Teaching job for `Sir Tony'
07.08.2008

BEING addressed by the children as ``Sir Tony'' appeals to the new tutor at Coen State school in Cape York.
``They also call me Mr Tony, but being a monarchist, I like the Sir Tony,'' Opposition families and indigenous affairs spokesman Tony Abbott said yesterday.
Mr Abbott made the comments on his way to his holiday job as a volunteer literacy tutor for 35 students, most of whom are Aboriginal. ``I thought early in the year I had visited many indigenous communities many times, but had seldom stayed even for 24 hours,'' he said.
``I rang my mate Noel Pearson and told him I wanted to go to a community, stay a reasonable time, and do some productive work -- not just be a glorified tourist.

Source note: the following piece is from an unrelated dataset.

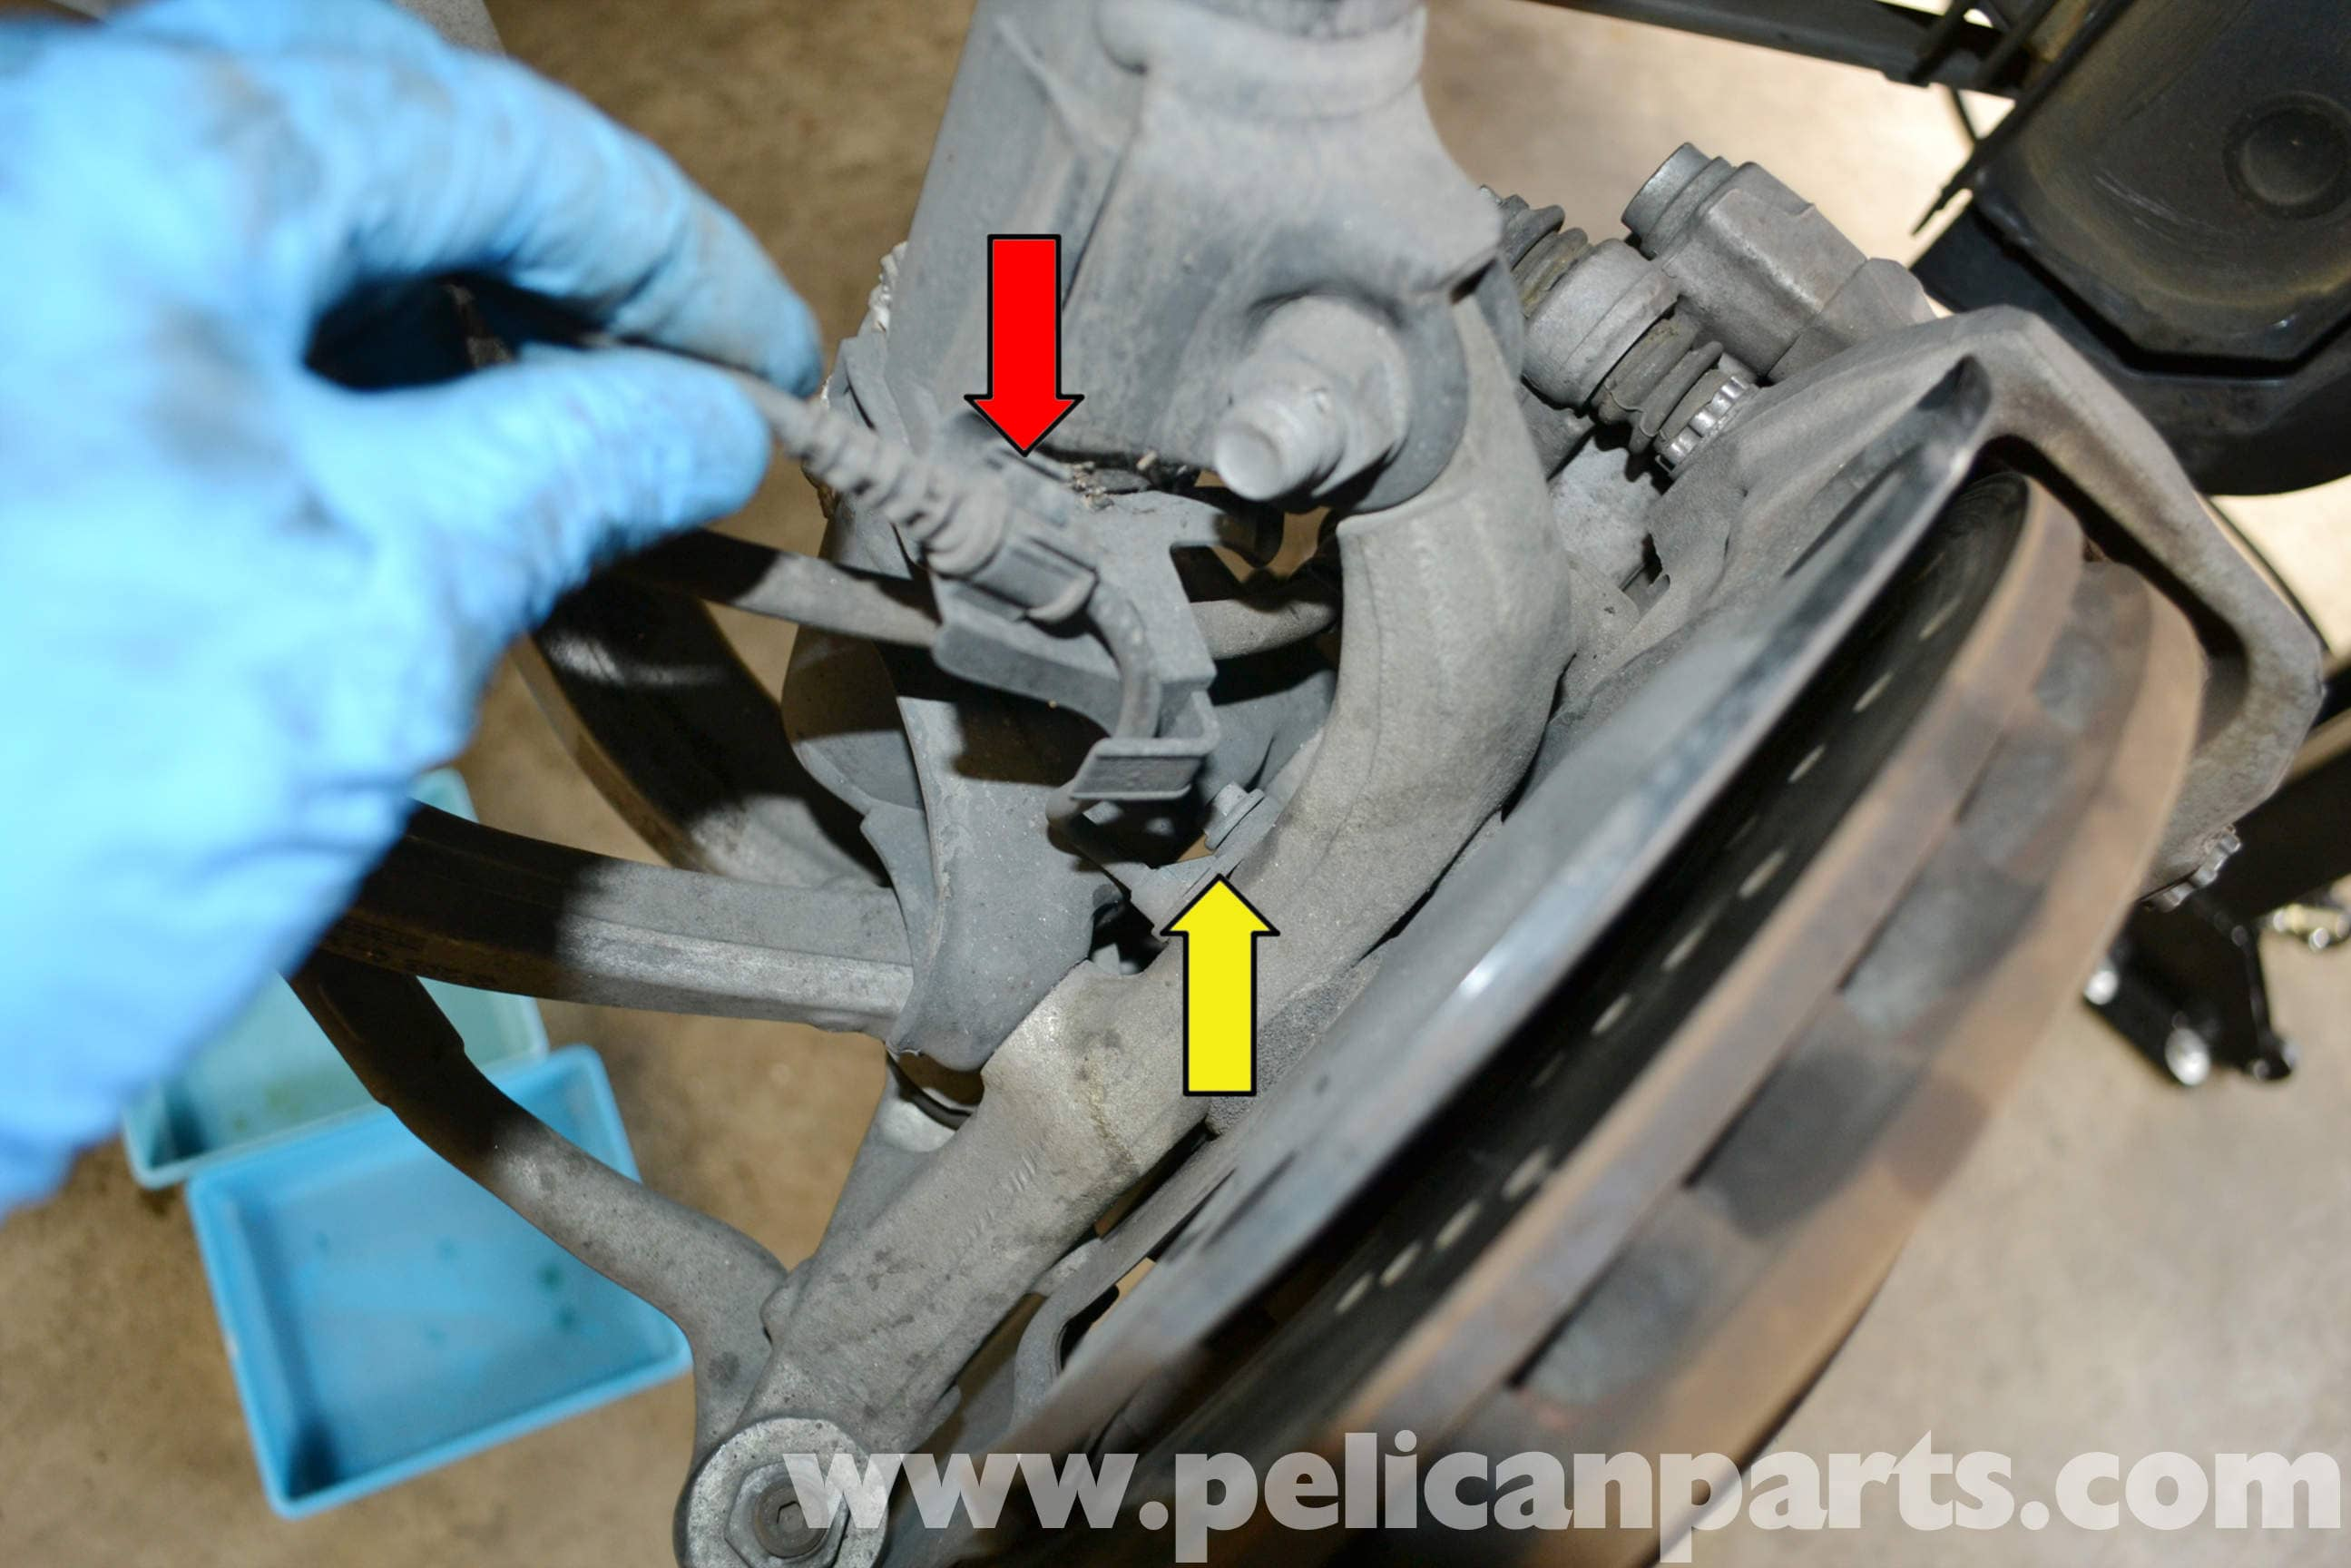 Mercedes-Benz W204 ABS Wheel Speed Sensor Replacement

He said: `You can be the tutor in the local school at Coen.' So that's what I'm doing -- spending three weeks here as the remedial tutor.''
Mr Abbott is implementing a program called Multilit, which has been developed by Kevin Wheldall, head of the Australian Centre for Educational Studies at Macquarie University.

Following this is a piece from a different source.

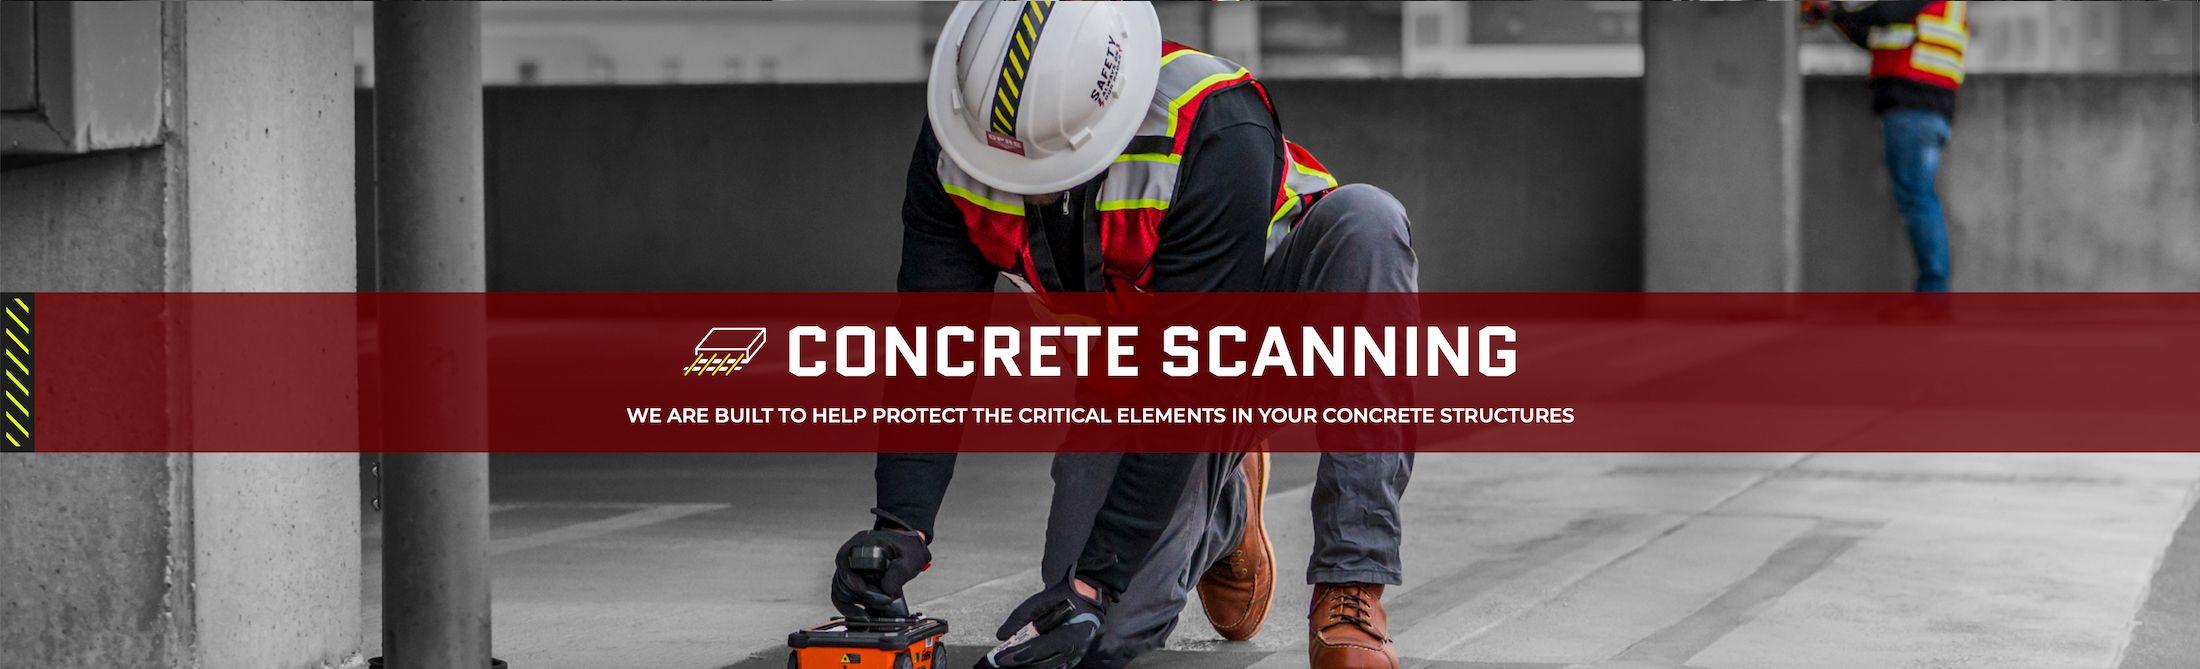 concrete-scanning.jpg

``It involves trying to get people to read by forming building blocks -- learning to construct words out of building block sounds,'' he said. ``It helps if you have one-on-one tuition.''
Mr Abbott said he was happy to spend the parliamentary break in Cape York while others were ``holidaying in Beijing'', and he was challenged by the willingness of the children to learn.
``It's another world,'' he said. ``If they're going to be able to function in the wider Australian society, they need to be able to read well. The ability to read opens the world up to us.''
Mr Abbott said there were three teachers and three teacher aides at the school, where, unlike in many Aboriginal communities, English is the first language.
``One of the old stockmen here has offered to take me fishing on Saturday and I might catch my first barramundi,'' he said.